◆ WORK INSTRUCTION
Every line of the listing below should be written out exactly, minus its images.

◆ COLLECTED MATERIAL
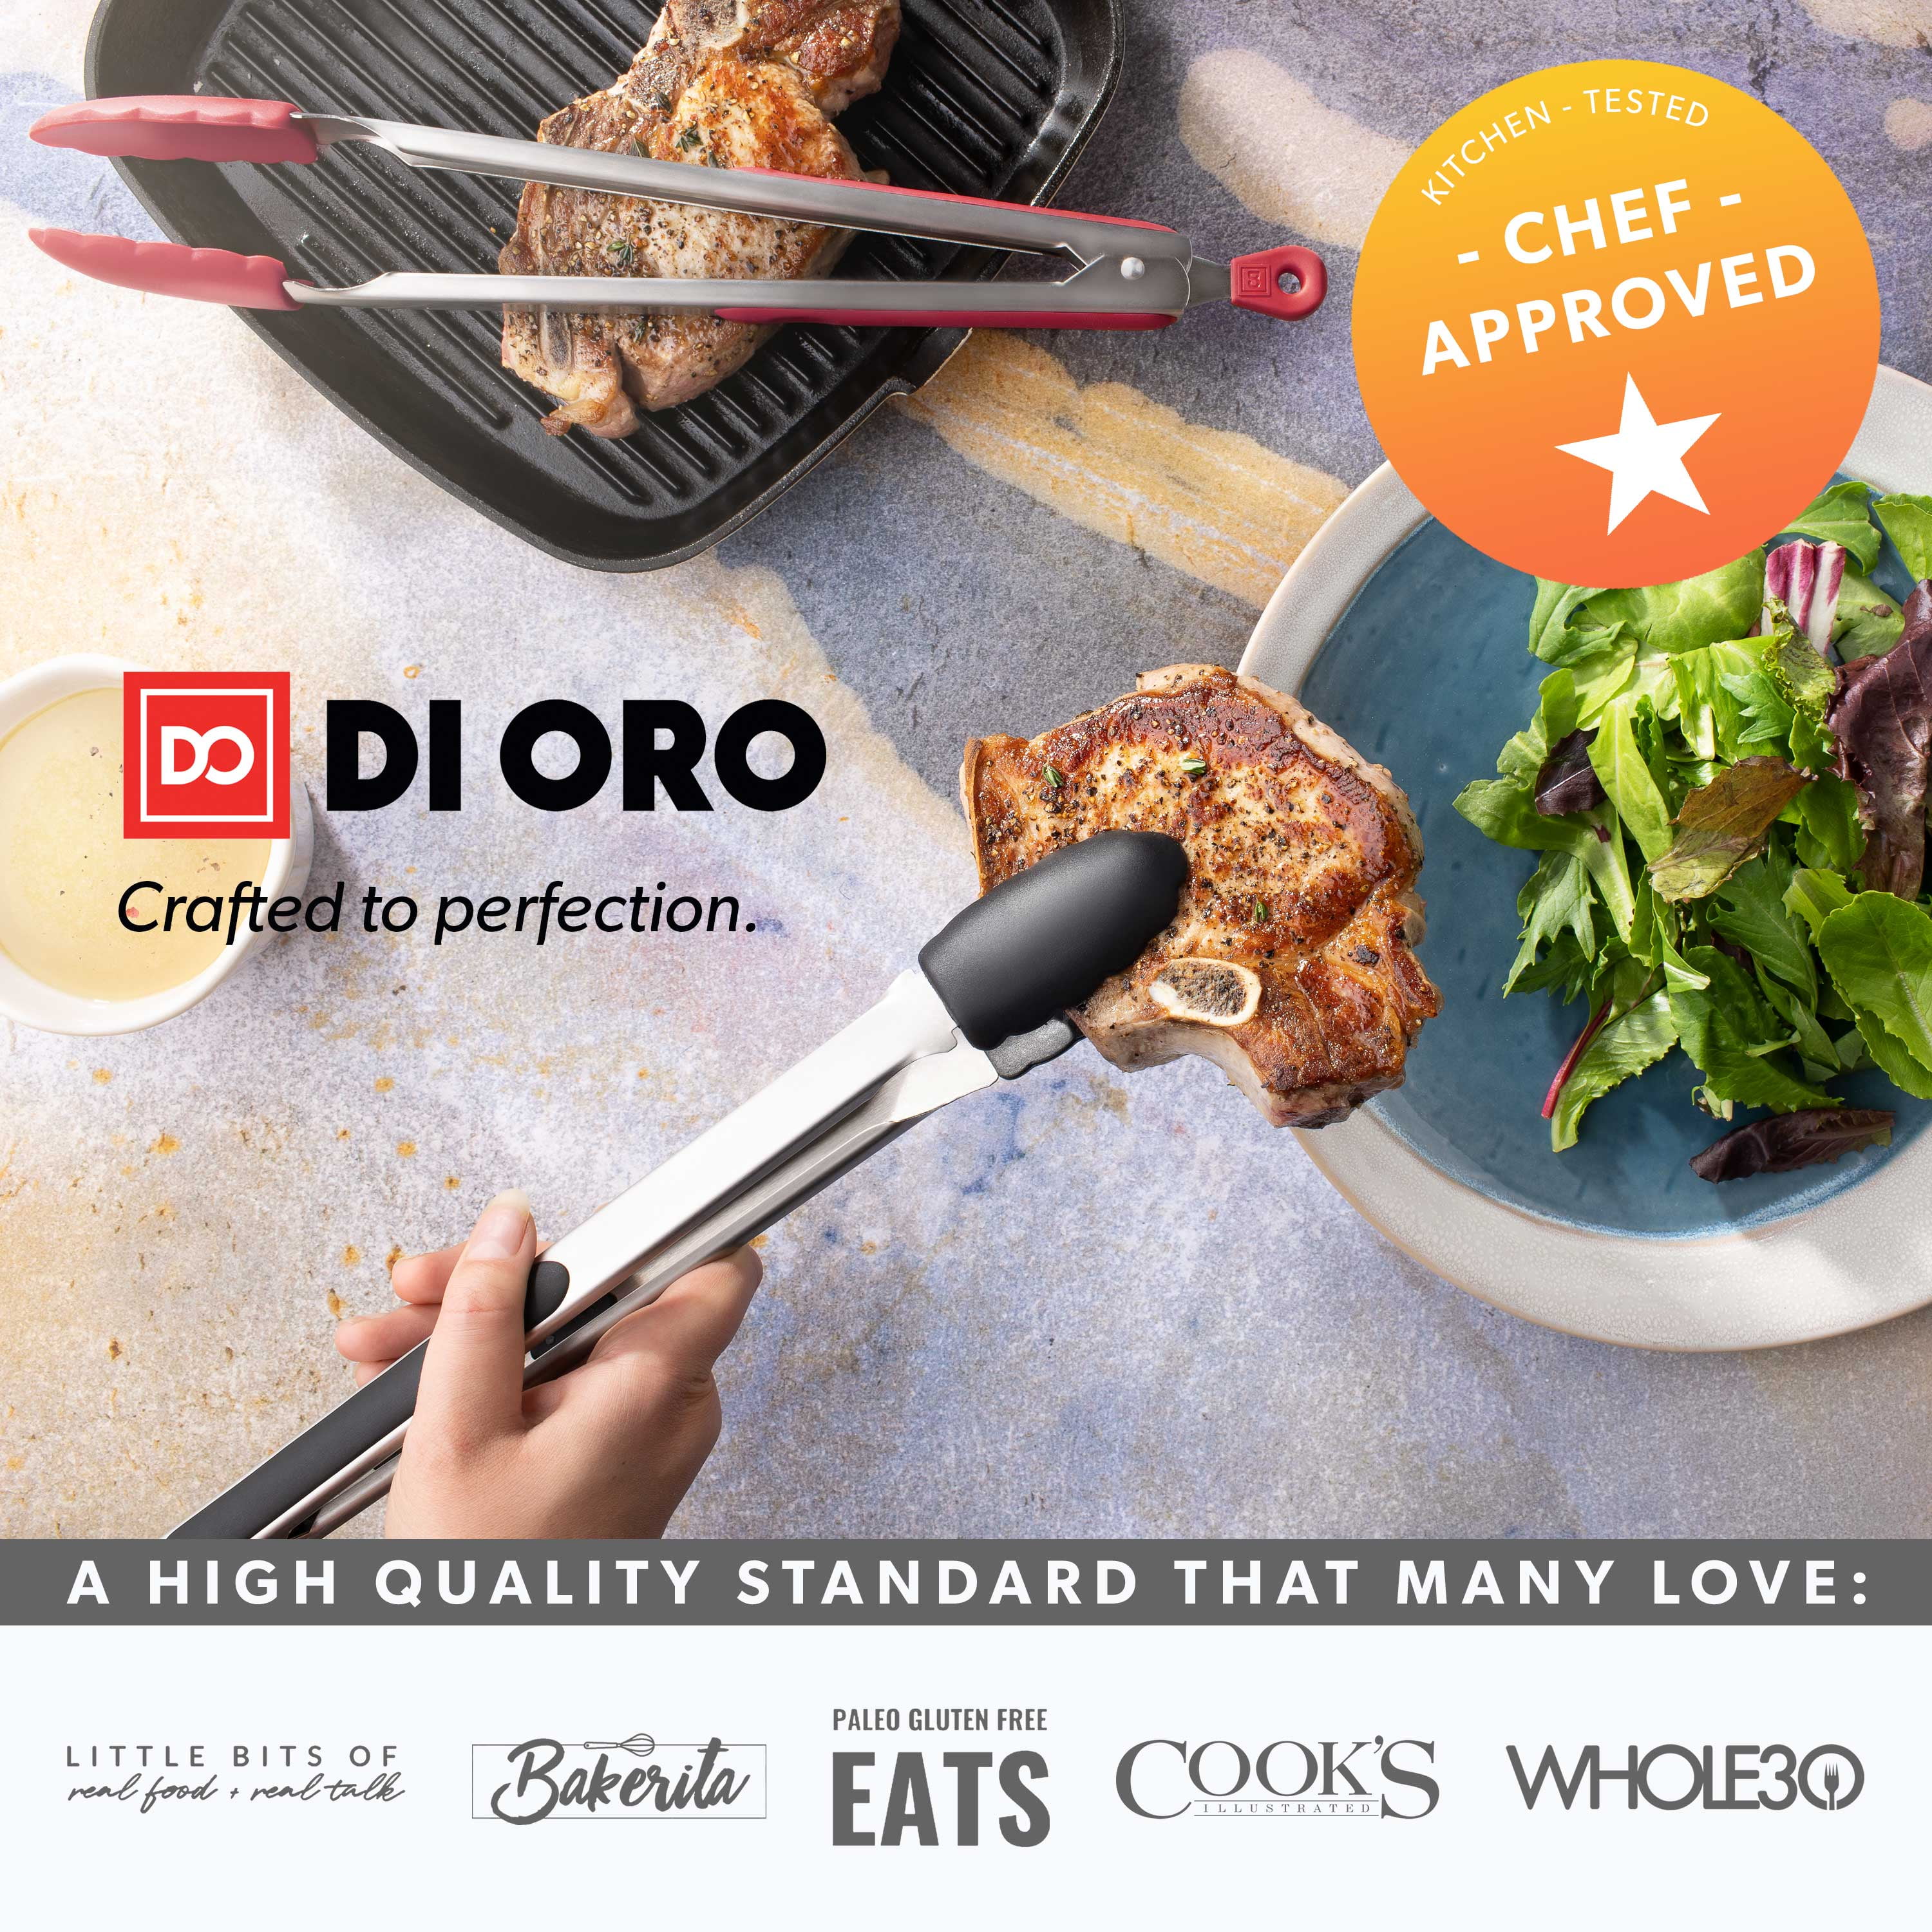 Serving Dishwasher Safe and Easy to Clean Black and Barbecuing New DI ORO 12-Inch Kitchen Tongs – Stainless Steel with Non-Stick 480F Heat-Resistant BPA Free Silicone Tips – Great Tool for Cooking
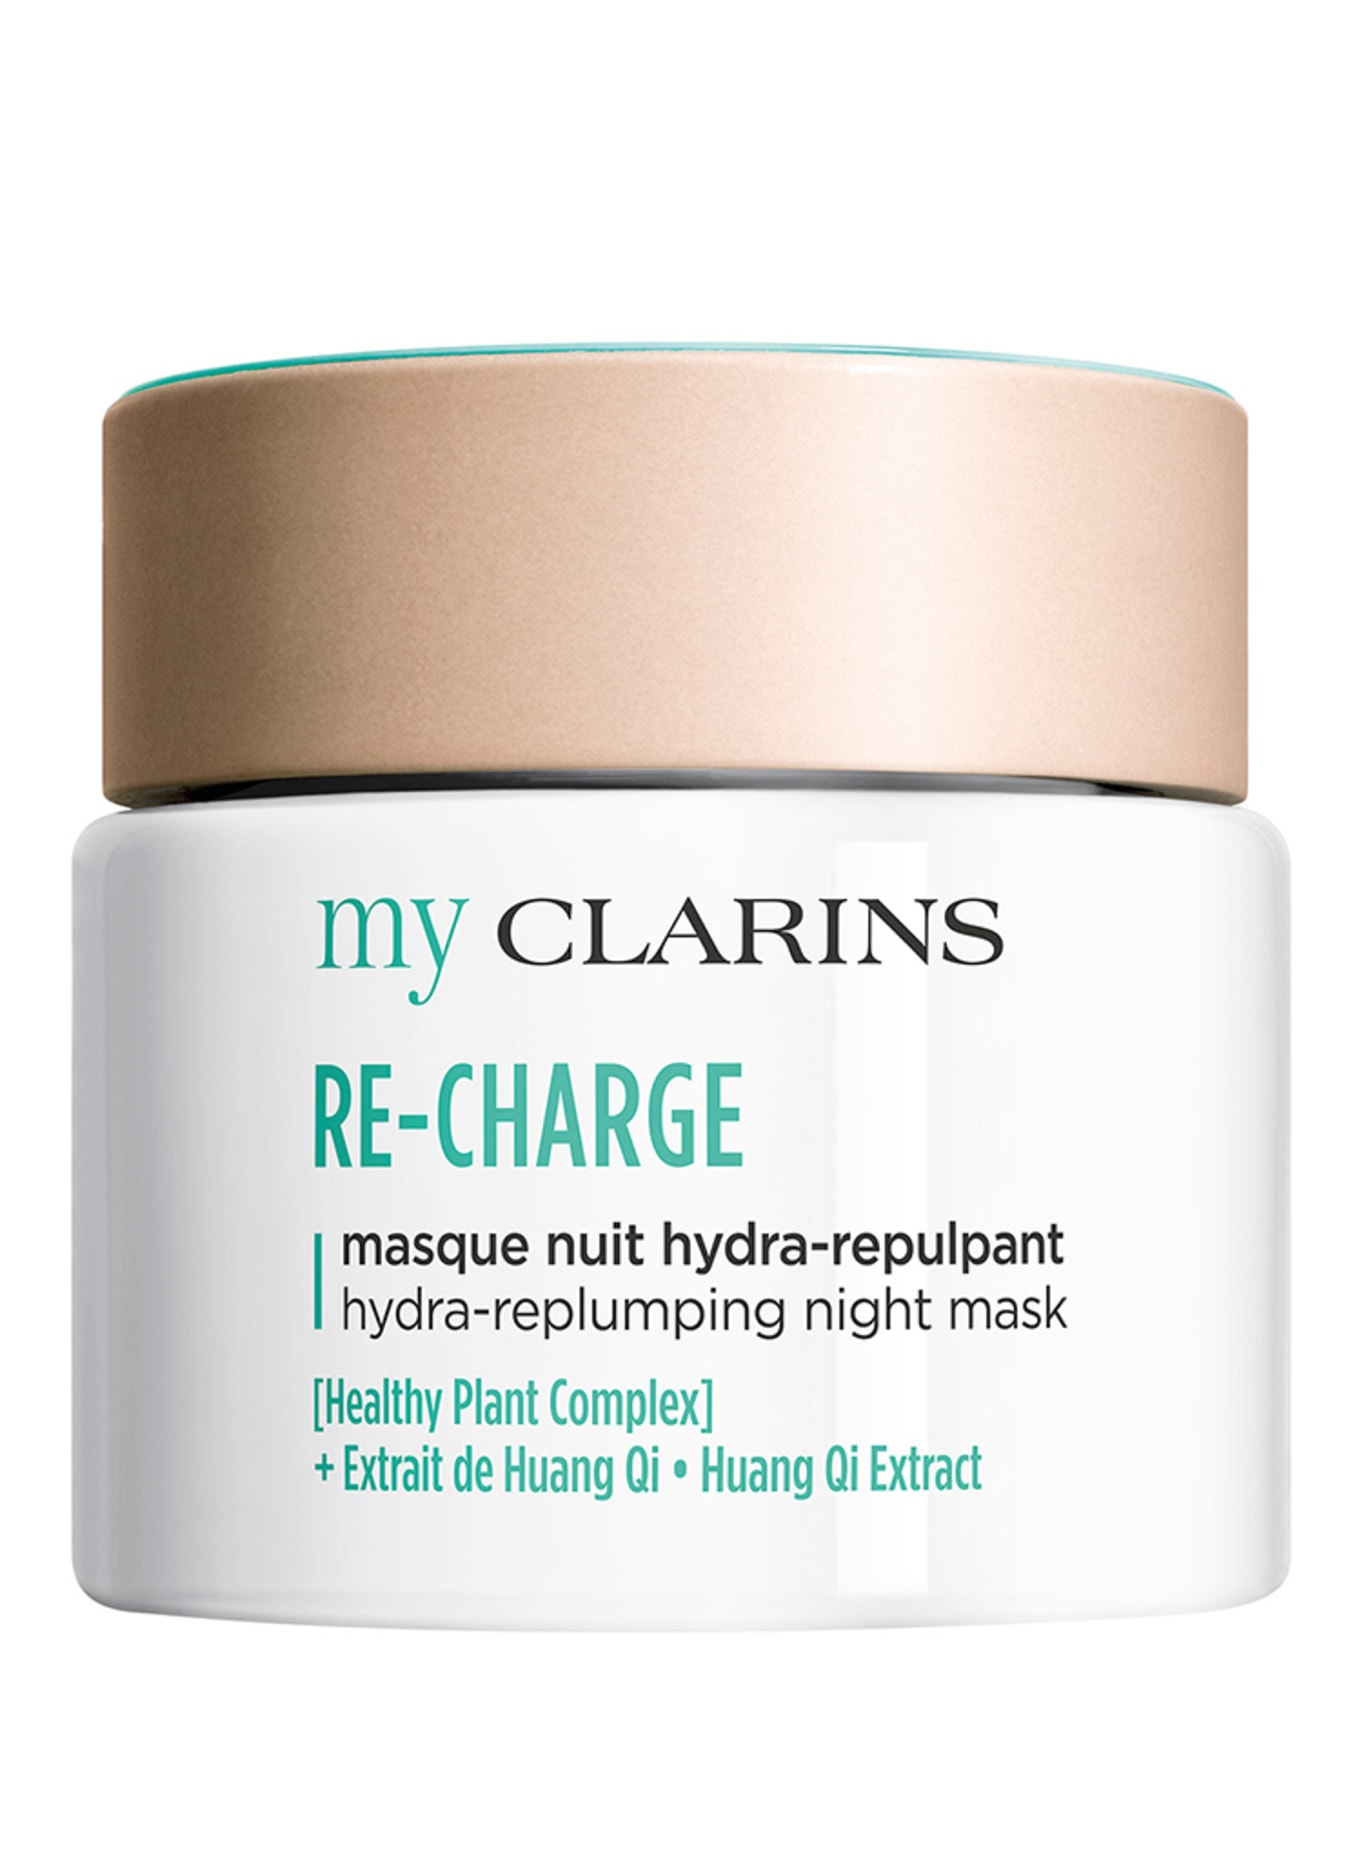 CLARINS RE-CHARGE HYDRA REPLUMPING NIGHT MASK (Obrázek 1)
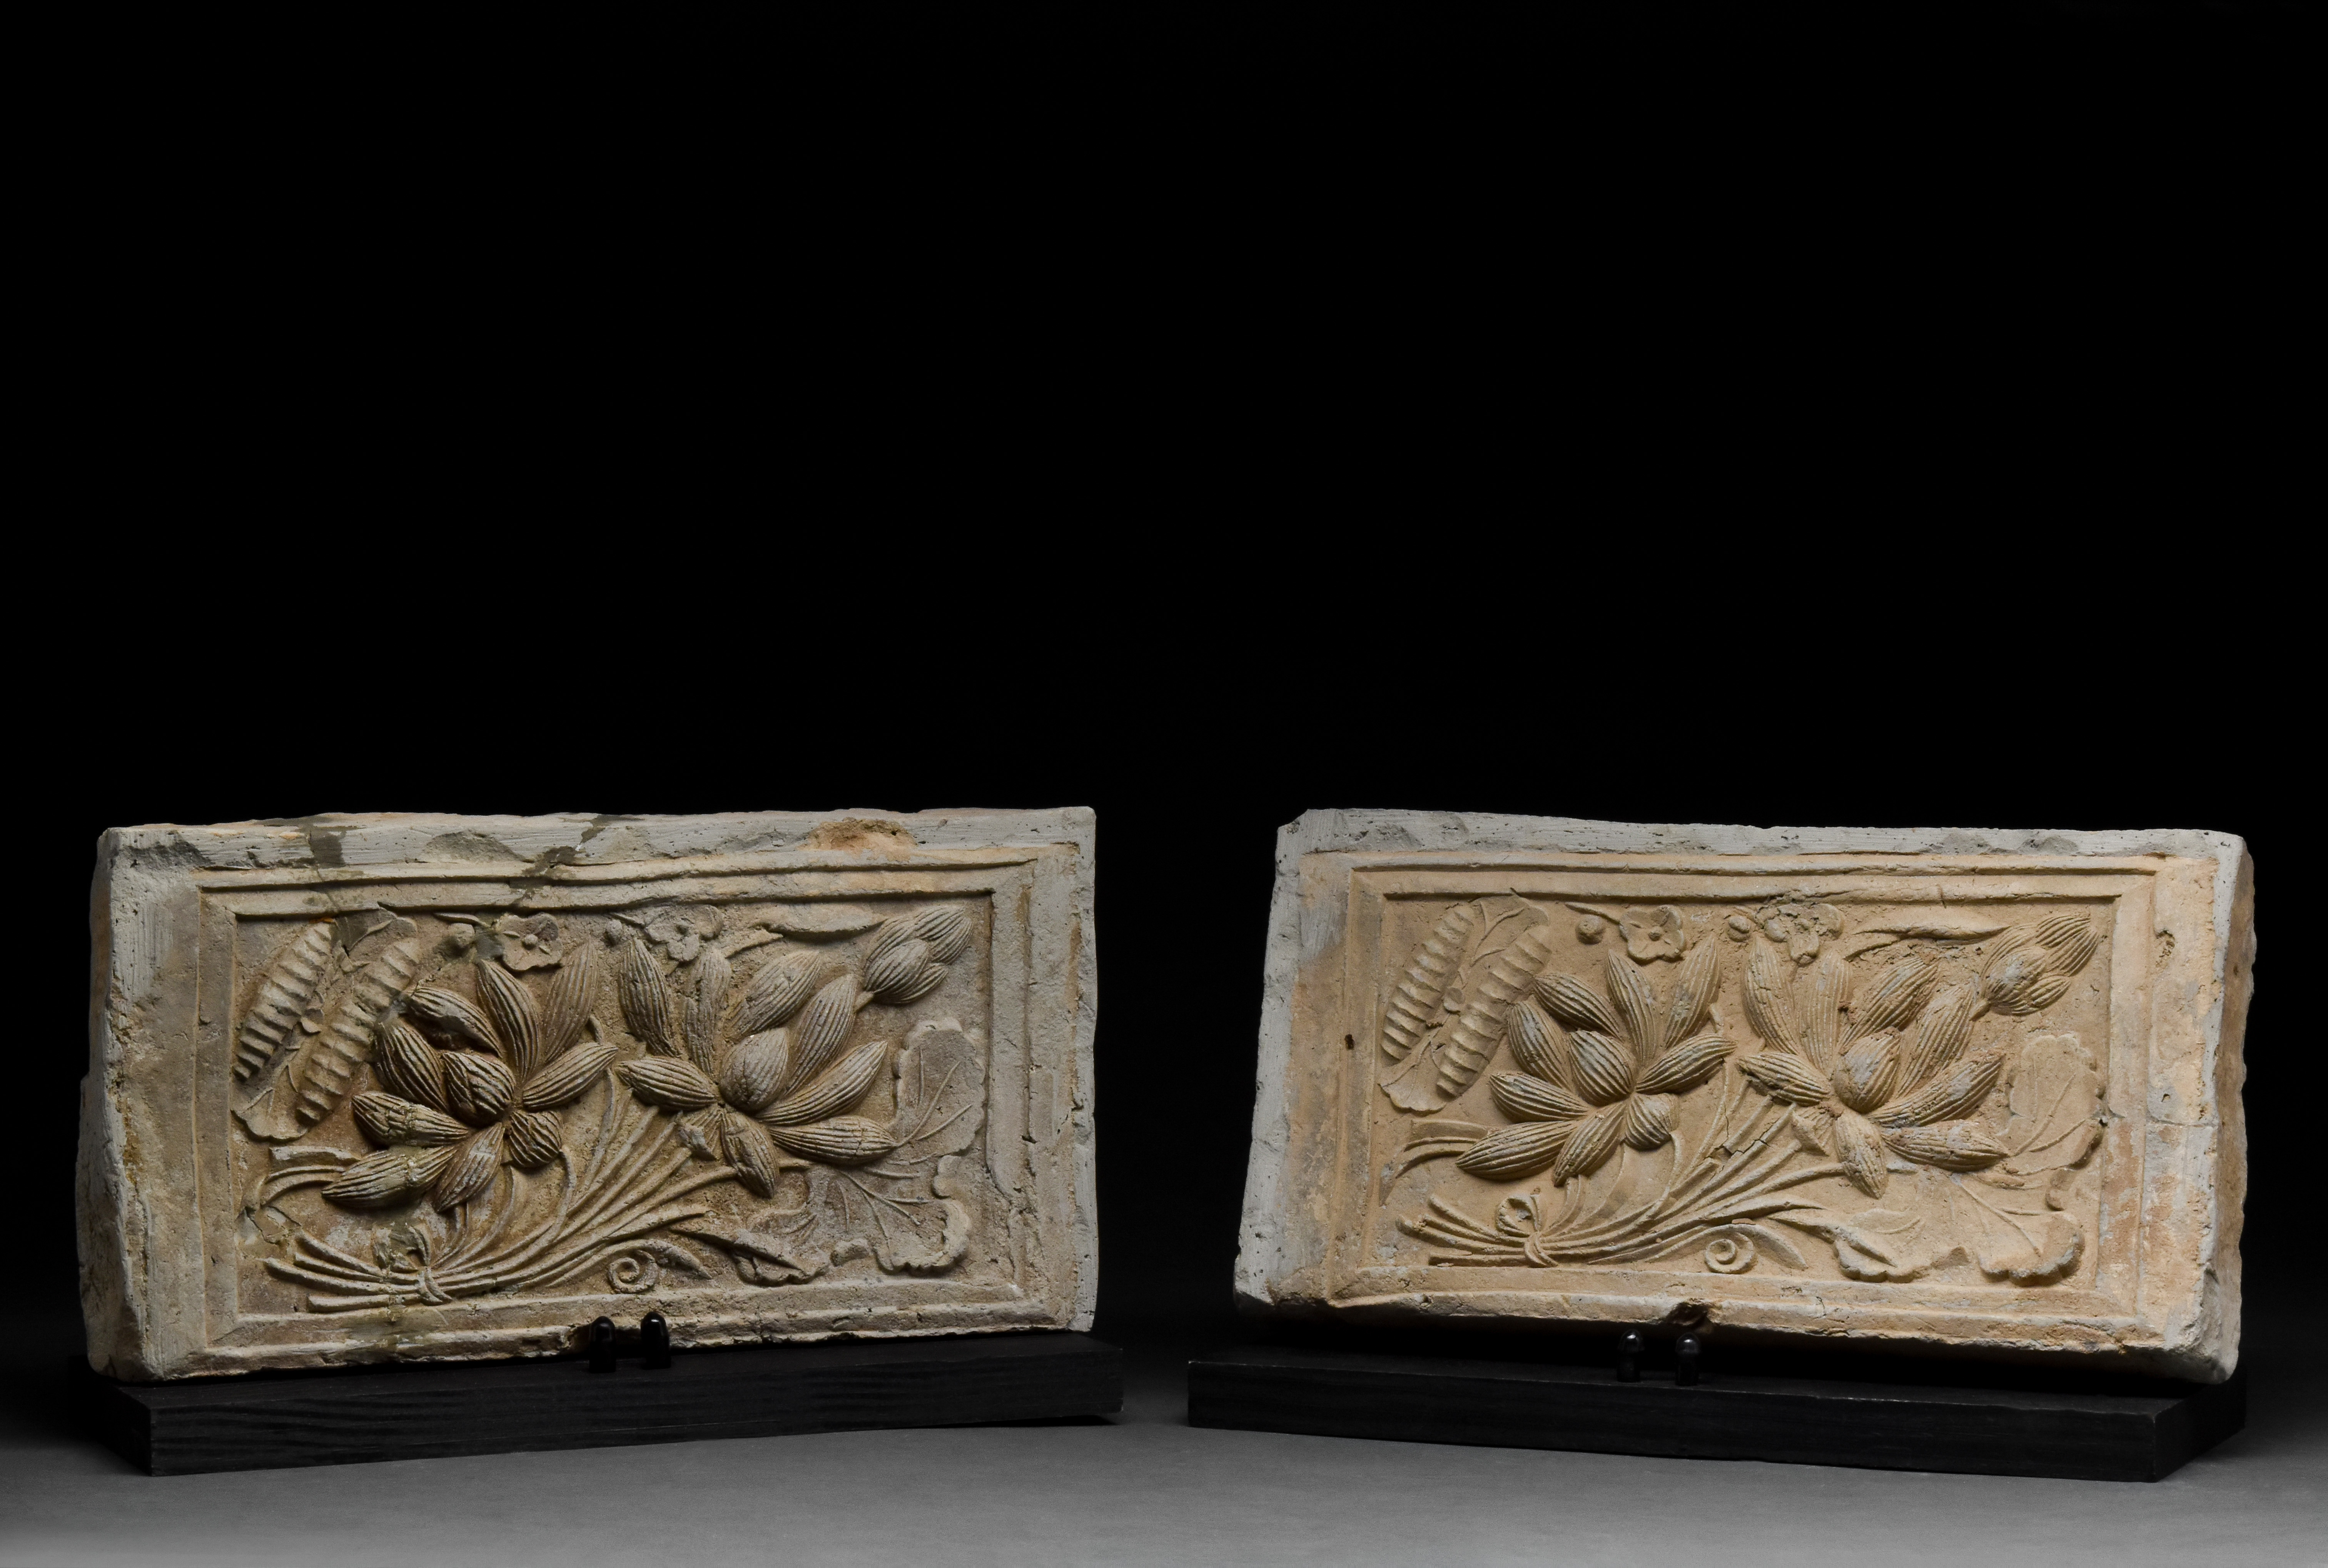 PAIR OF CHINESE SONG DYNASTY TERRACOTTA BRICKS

◆ TASK RESULT
 Serving Dishwasher Safe and Easy to Clean Black and Barbecuing New DI ORO 12-Inch Kitchen Tongs – Stainless Steel with Non-Stick 480F Heat-Resistant BPA Free Silicone Tips – Great Tool for Cooking
 CLARINS RE-CHARGE HYDRA REPLUMPING NIGHT MASK (Obrázek 1)
 PAIR OF CHINESE SONG DYNASTY TERRACOTTA BRICKS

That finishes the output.